Material for the task
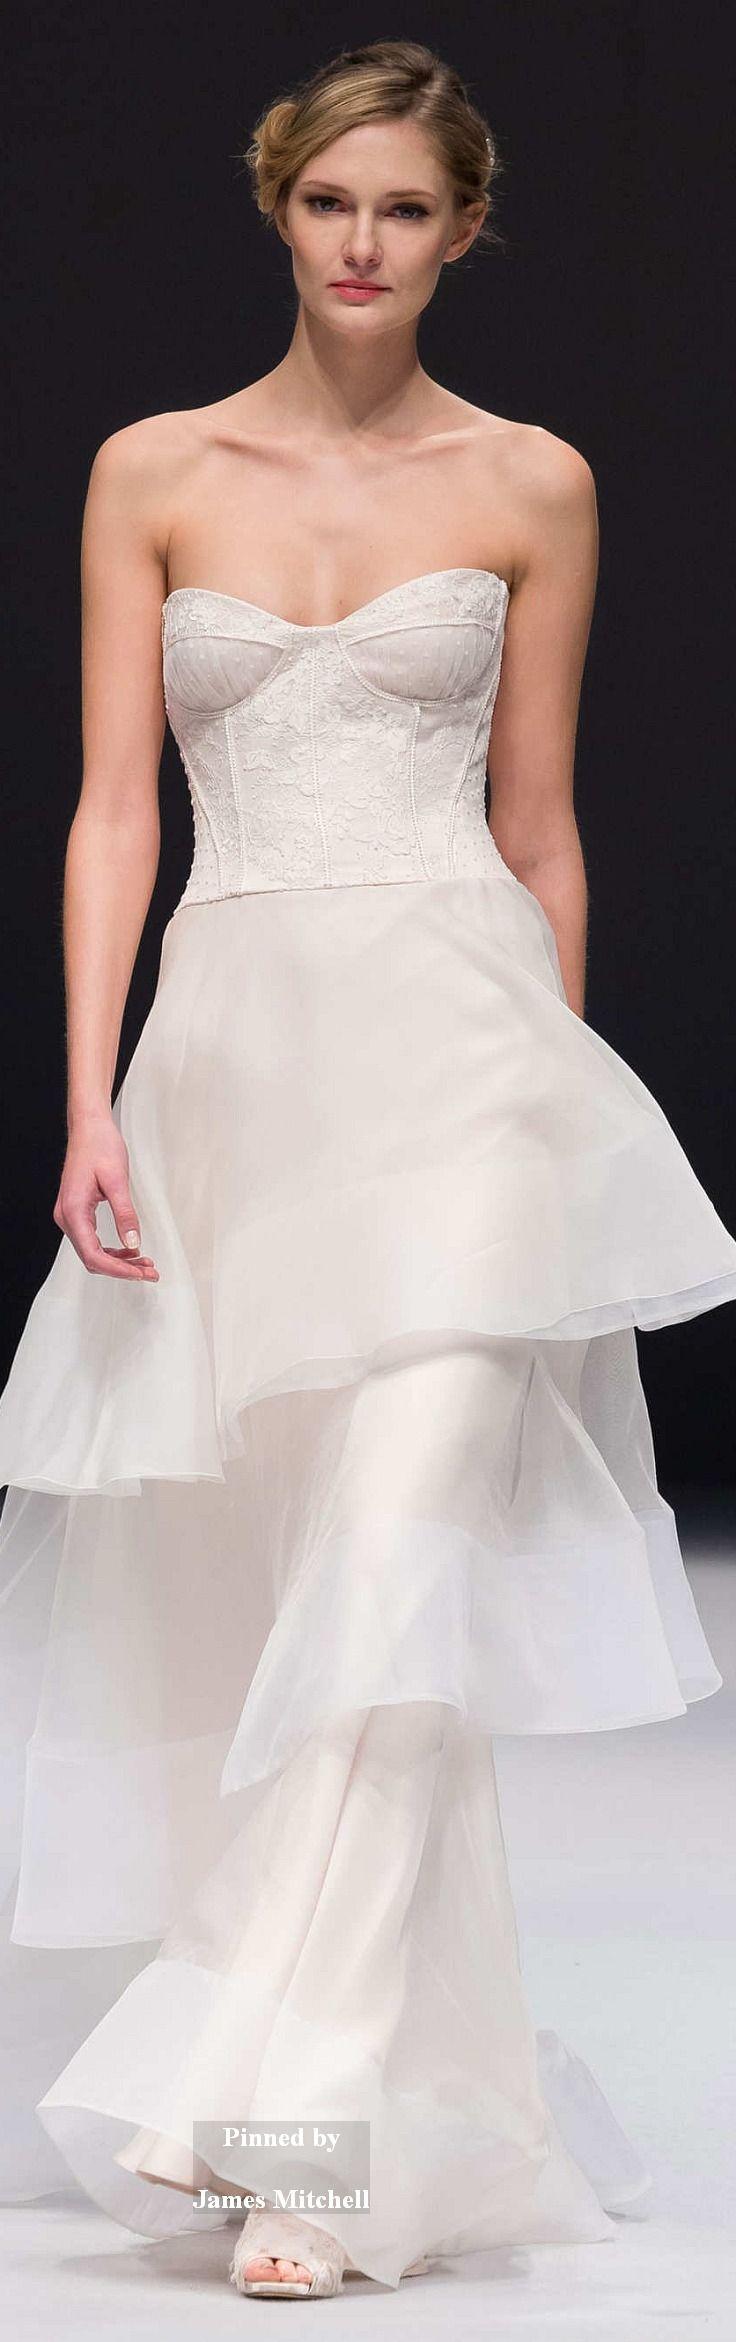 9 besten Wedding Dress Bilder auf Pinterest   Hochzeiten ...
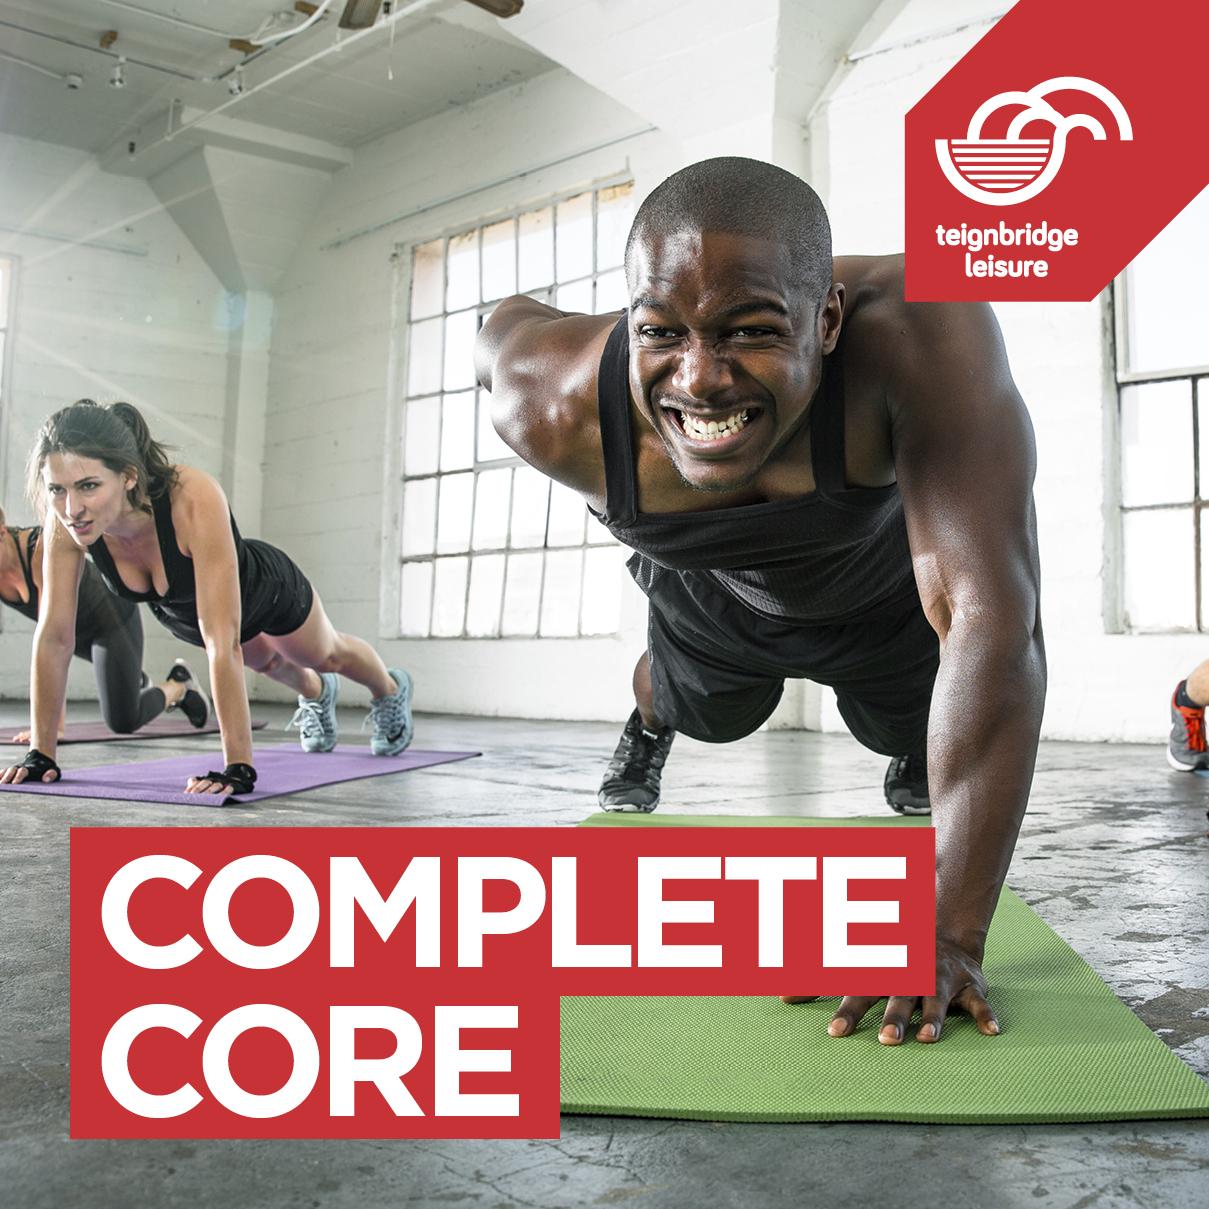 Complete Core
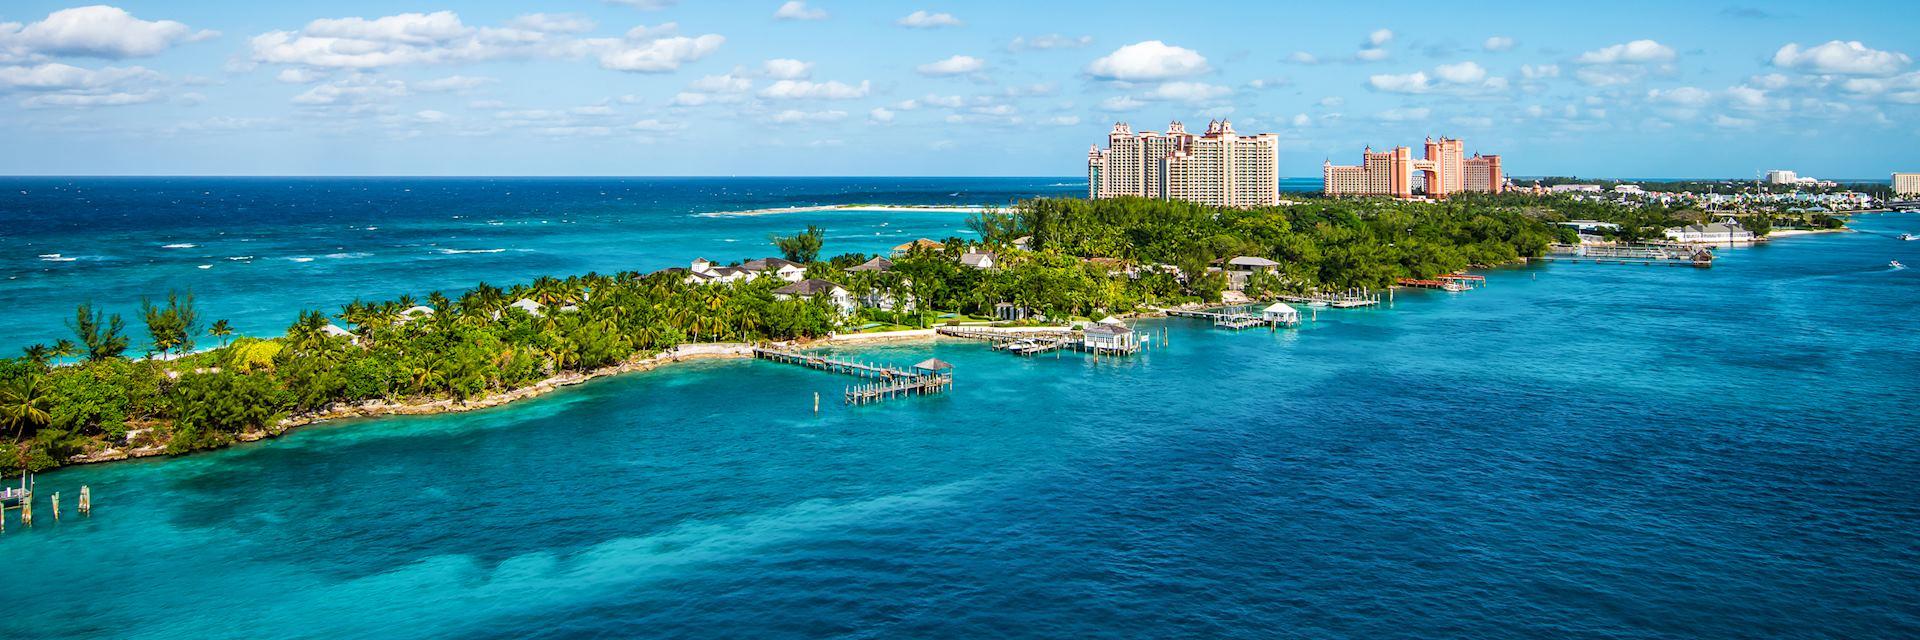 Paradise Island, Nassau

* * *

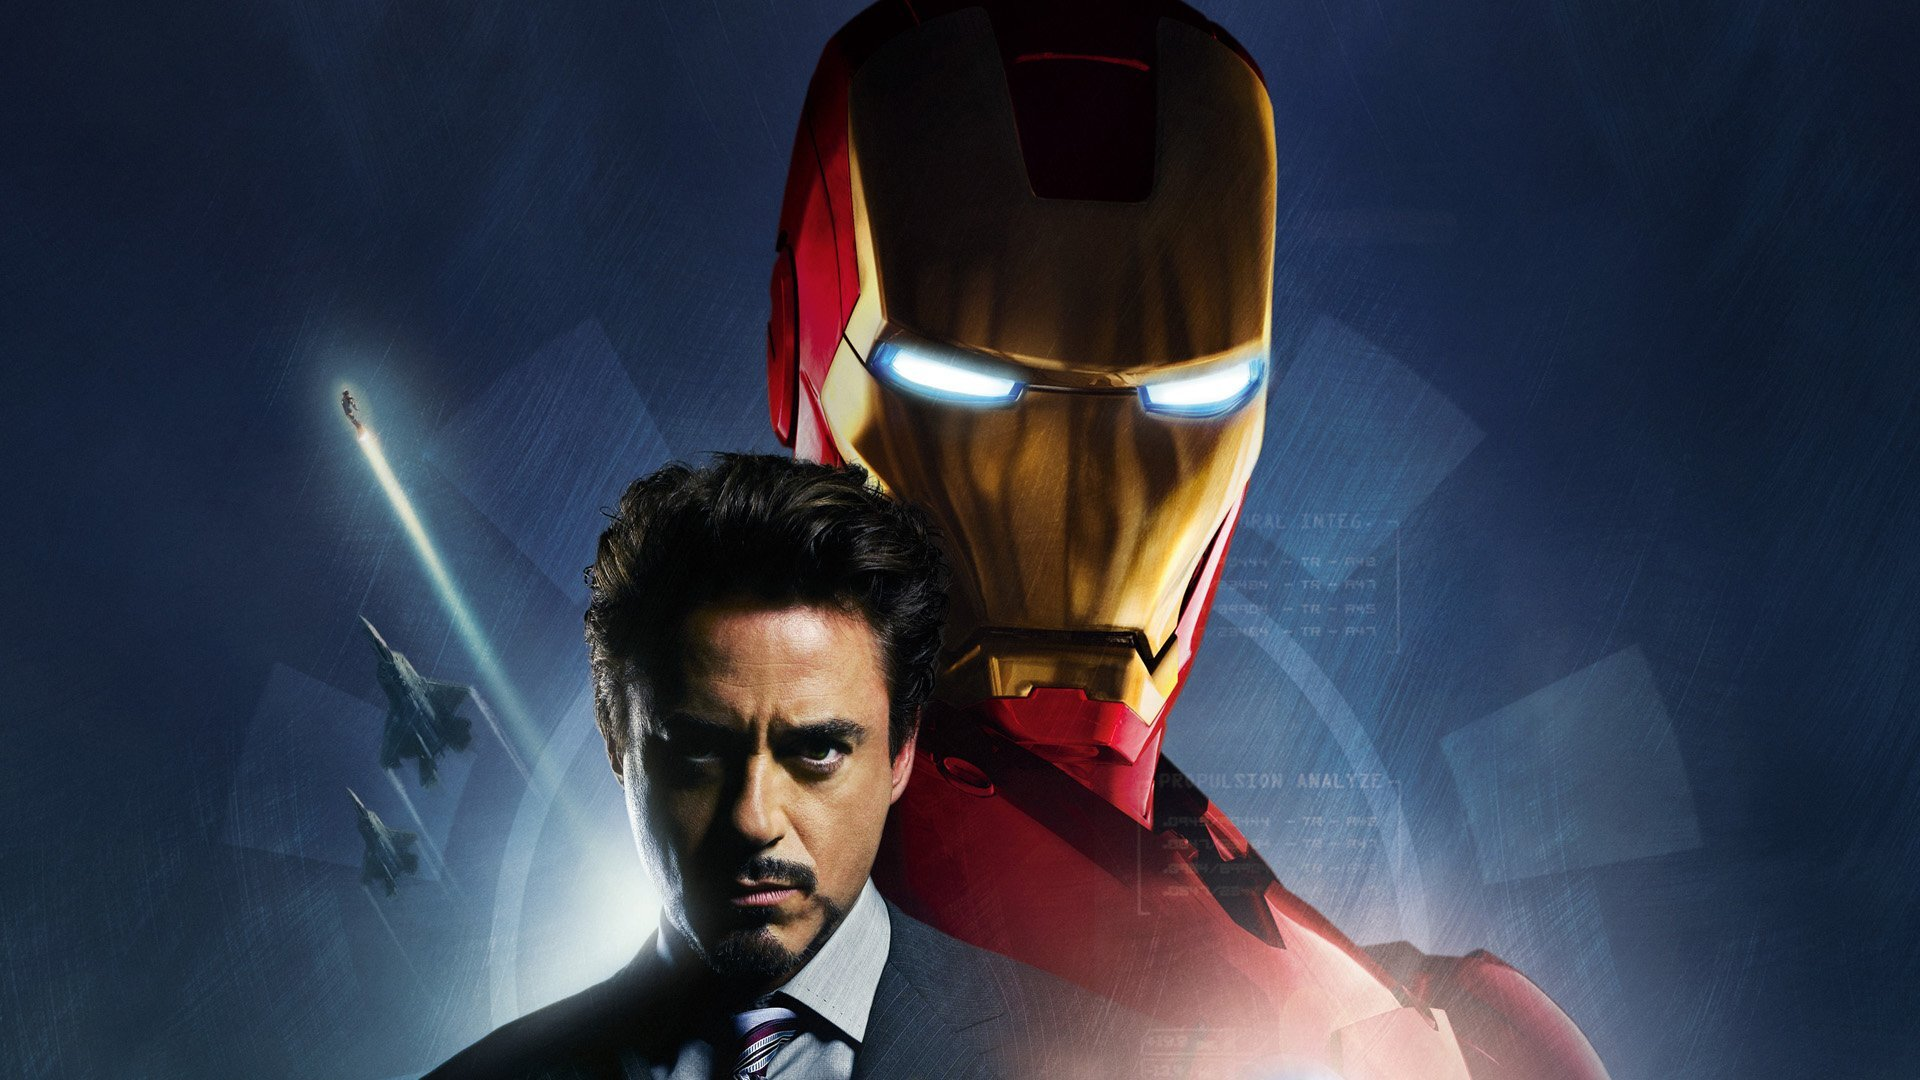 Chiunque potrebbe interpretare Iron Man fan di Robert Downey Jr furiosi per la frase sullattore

--

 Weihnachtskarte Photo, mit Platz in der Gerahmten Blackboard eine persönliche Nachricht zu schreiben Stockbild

Work to complete
Reproduce the lines above starting at the one with "9 besten Wedding" and ending at the one with "Paradise Island, Nassau", both included, exactly and with no pictures.

Solution
 9 besten Wedding Dress Bilder auf Pinterest   Hochzeiten ...
 Complete Core
 Paradise Island, Nassau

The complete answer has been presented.